Guarda, che cosa è di me, da quando tu sei apparso? È l’invidia verso di te che
mi ha distrutto!». – Così diceva il giovinetto, piangendo amaramente. Ma
Zarathustra, cingendolo del suo braccio, lo trasse via con sé.
Stavano già da un po’ camminando insieme, quando Zarathustra
prese a parlare così: «Il mio cuore va in pezzi. Meglio ancora delle tue
parole, il tuo occhio mi dice tutto il pericolo che tu corri. Ancora non sei
libero, tu cerchi ancora la libertà. Il tuo cercare ti ha stremato con notti
insonni e veglie eccessive. Tu aspiri alla libera elevatezza, la tua anima ha
sete di stelle. Ma anche i tuoi istinti malvagi hanno sete di libertà. I tuoi
cani furiosi vogliono essere lasciati liberi; essi latrano dal piacere nel loro
sotterraneo, se il tuo spirito si propone di aprire tutte le prigioni. Per me
tu sei ancora un prigioniero che almanacca sulla sua libertà: ahimè, l’anima
dei prigionieri come te diventa intelligente, ma anche astuta e cattiva. Colui
che è liberato nello spirito deve però anche purificarsi. In lui sono ancora
molti i resti di carcere e di marciume: il suo occhio deve ancora diventare
puro. Sì, io conosco il tuo pericolo. Ma, in nome del mio amore e della mia
speranza, ti scongiuro: non buttare via il tuo amore e la tua speranza! Ancora
ti senti nobile, e nobile ti sentono anche gli altri, che ti detestano e ti
lanciano occhiate malvagie. Sappi che a tutti è di ostacolo una persona nobile.

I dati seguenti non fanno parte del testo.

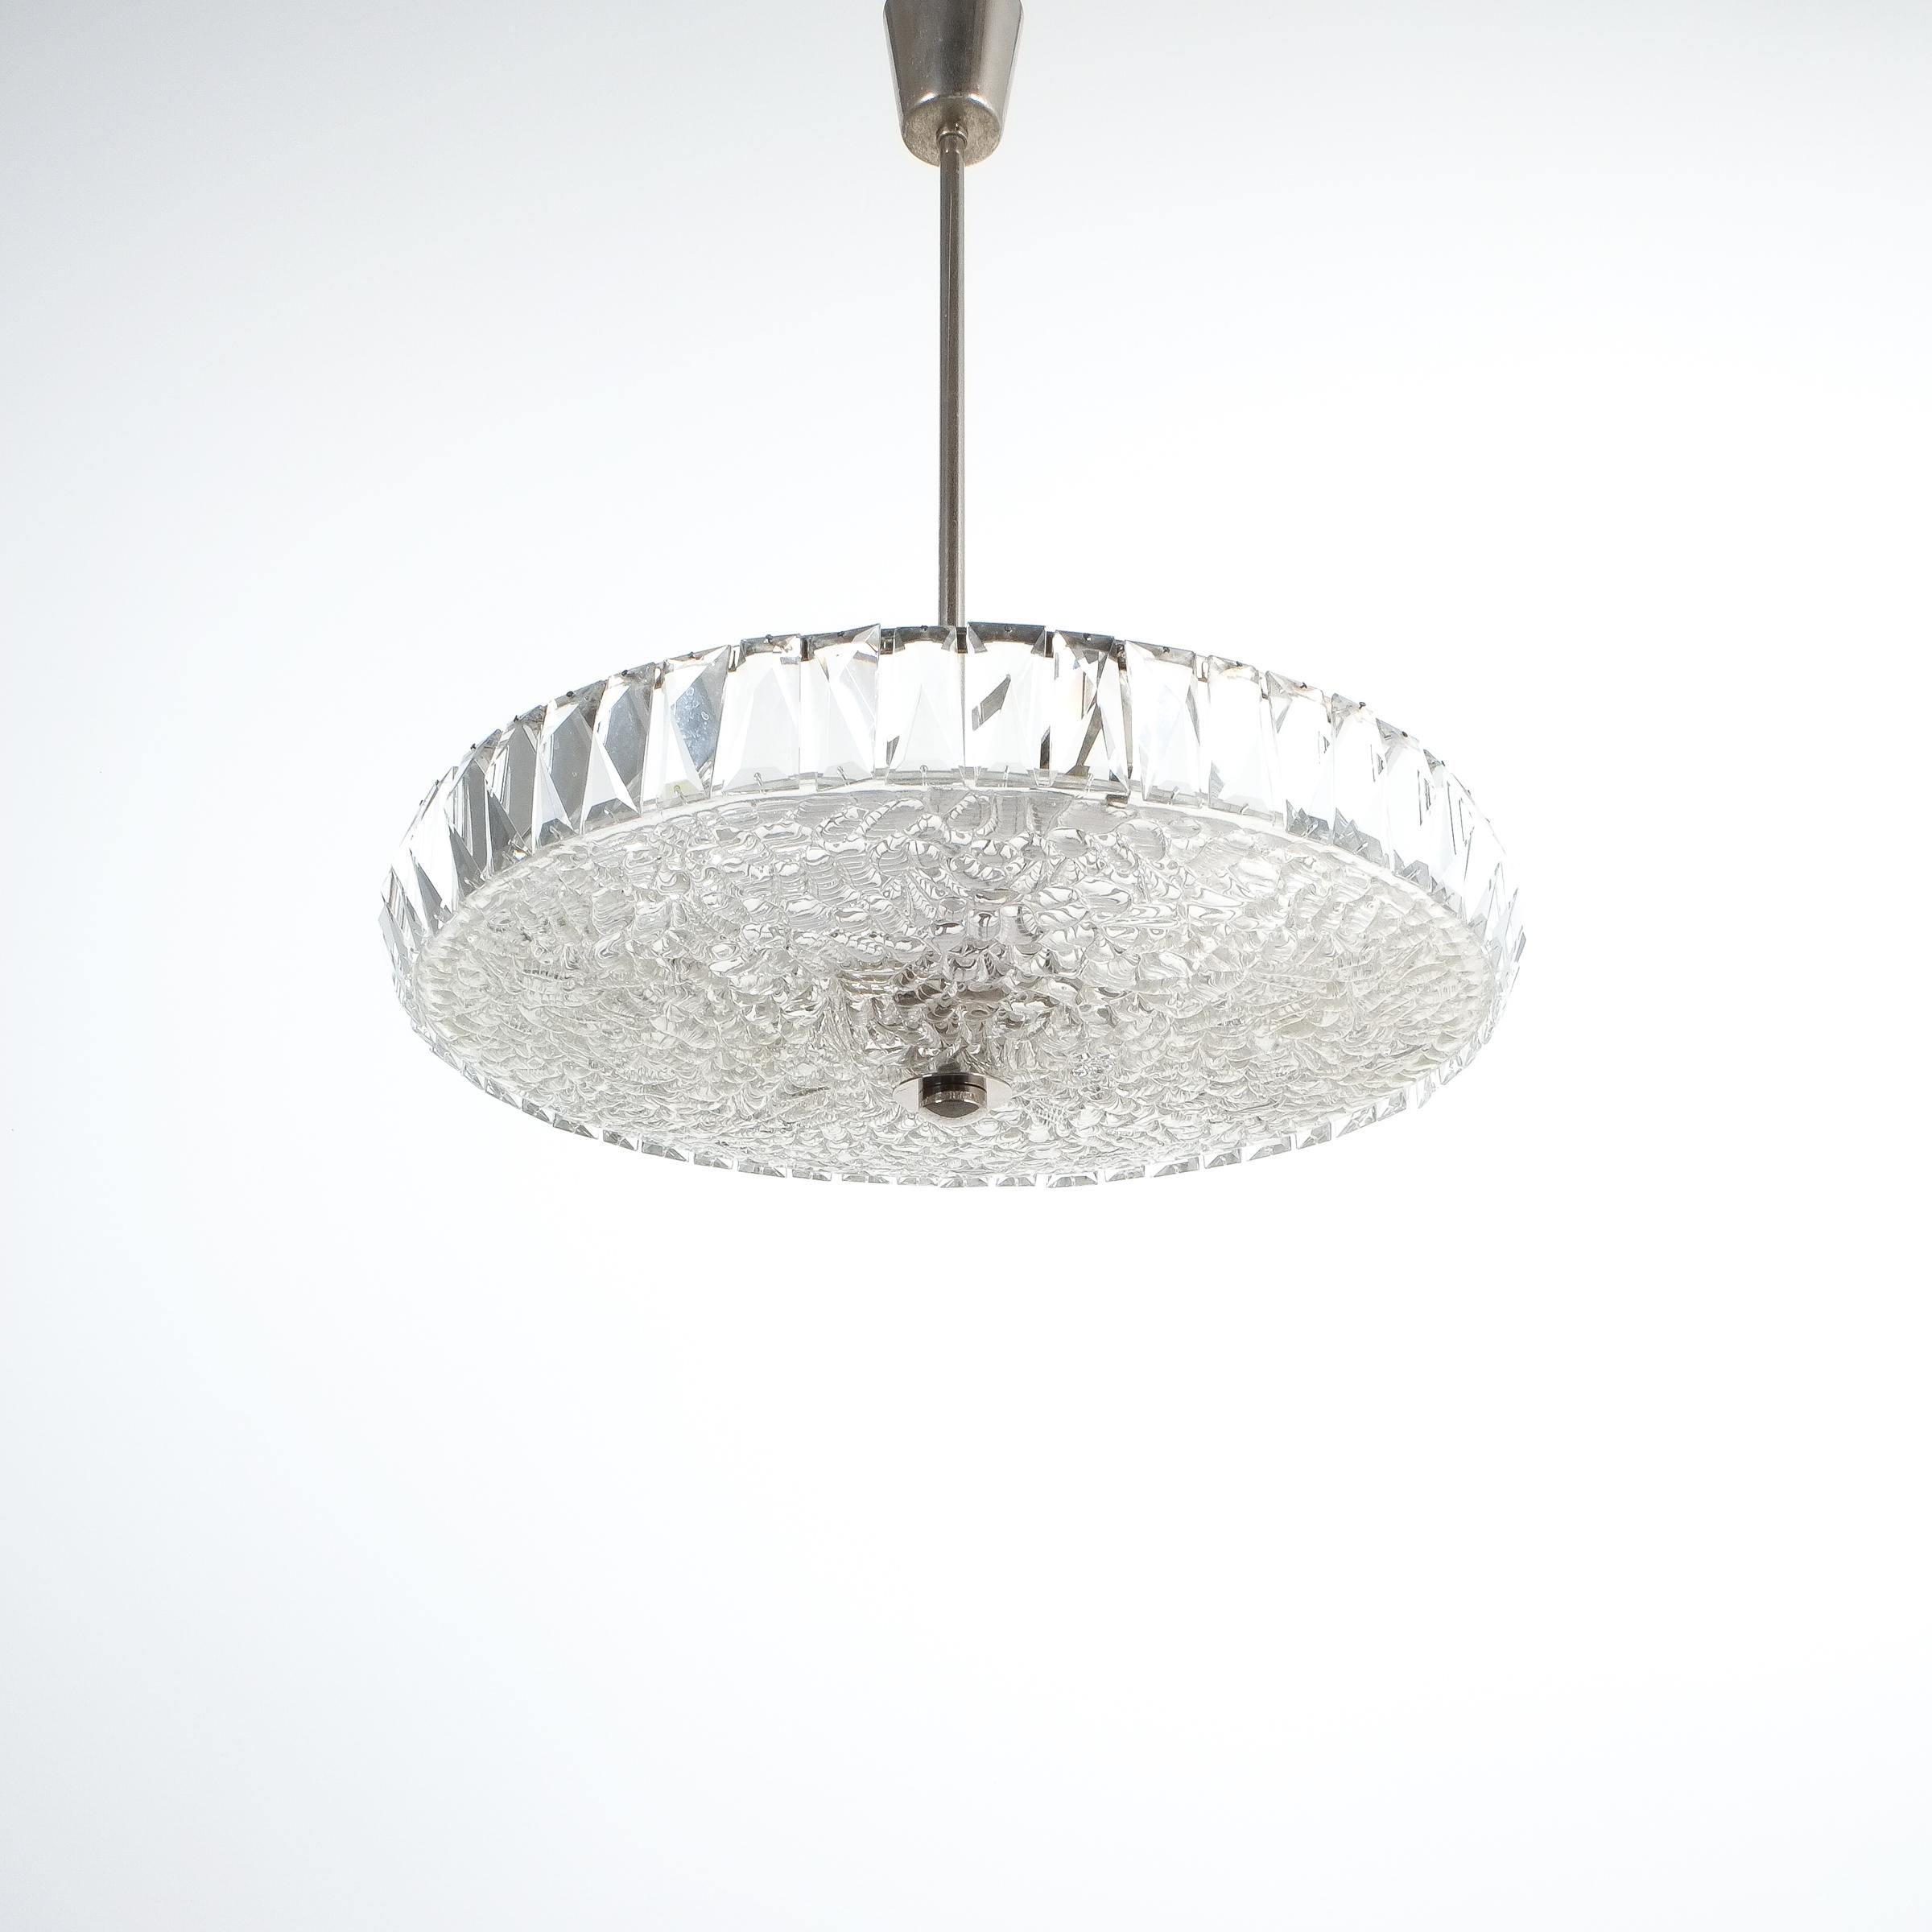 Bakalowits Dome Crystal Glass Chandelier, Austria, circa 1955 For Sale 2
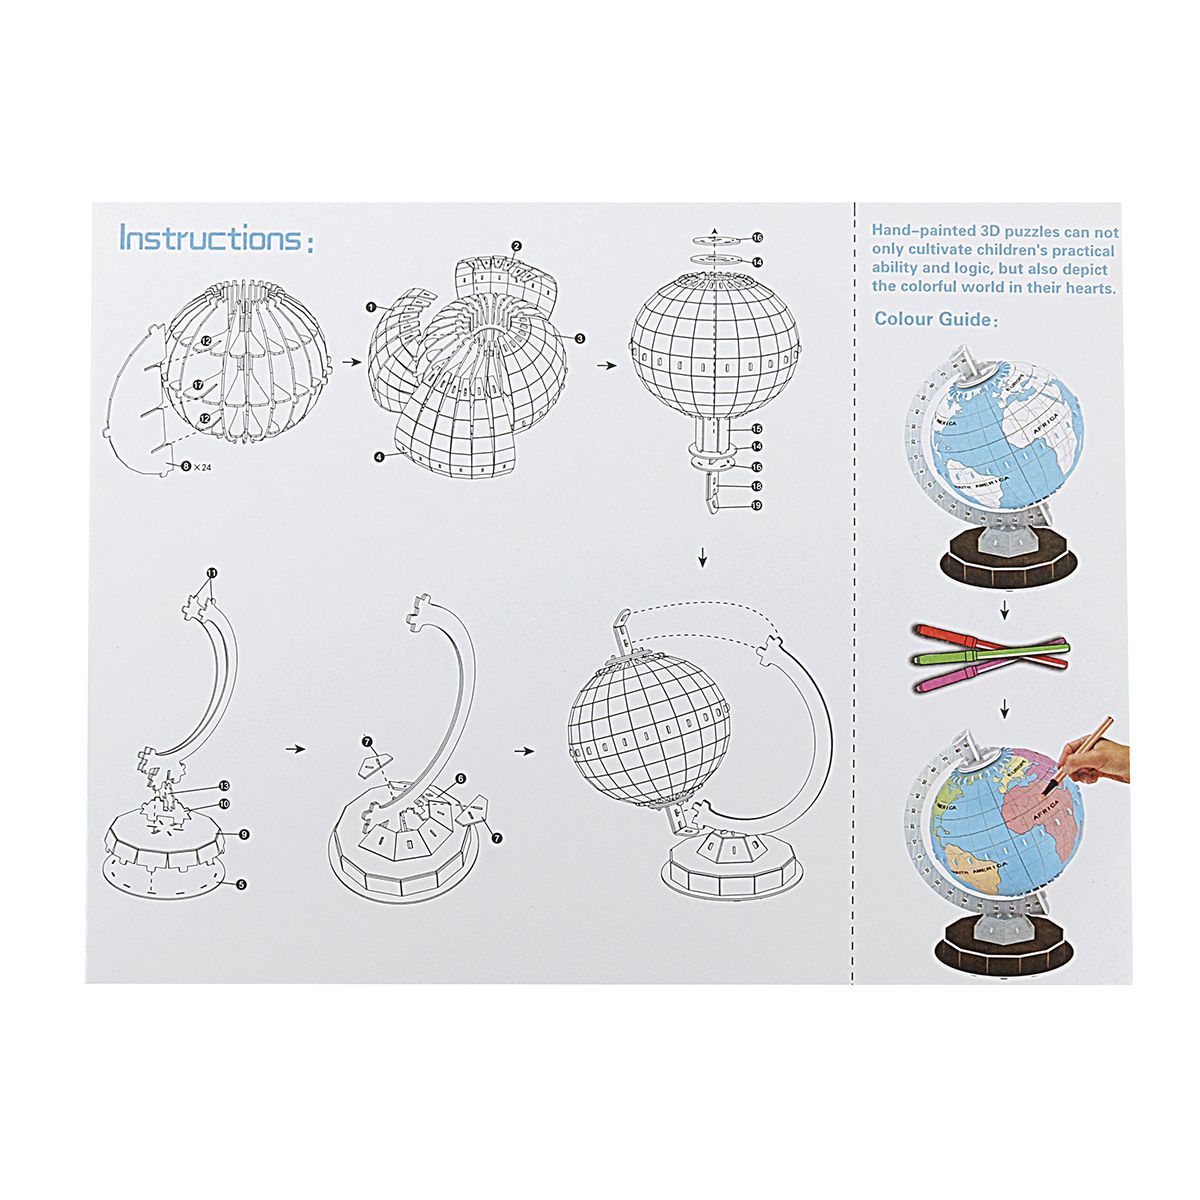 DIY-3D-Puzzle-Globe-Model-Painting-Puzzles-Tellurion-Color-Matching-Earth-Models-Continents-Learning-1479321

Anche ai buoni è di ostacolo una persona nobile: perfino chiamandola buona,
vogliono eliminarla. La persona nobile vuole creare cose nuove e una nuova
virtù. Il buono vuole, invece, le cose vecchie e che si conservino. Ma il
pericolo della persona nobile non è quello di diventare un buono, bensì uno
sfrontato, un derisore, un distruttore.
Ahimè, io ho conosciuto persone nobili
che hanno perduto la loro speranza più elevata. E da allora calunniano tutte le
speranze elevate. Da allora vivono sfrontatamente di brevi piaceri, e non
riescono più a porsi neppure mete effimere. "Lo spirito è anche
voluttà" - così hanno detto. Perciò hanno spezzato le ali al loro spirito:
che ora striscia per terra e contamina ciò che rode.
Un tempo pensarono di
diventare eroi: oggi sono dei dissoluti. Davanti all’eroe provano rimorso e
orrore. Ma, in nome del mio amore e della mia speranza, ti scongiuro: non
buttar via l’eroe che è nella tua anima! Mantieni sacra la tua speranza più
elevata!».
Scritto da Federico Nietzsche, Così parlò Zarathustra.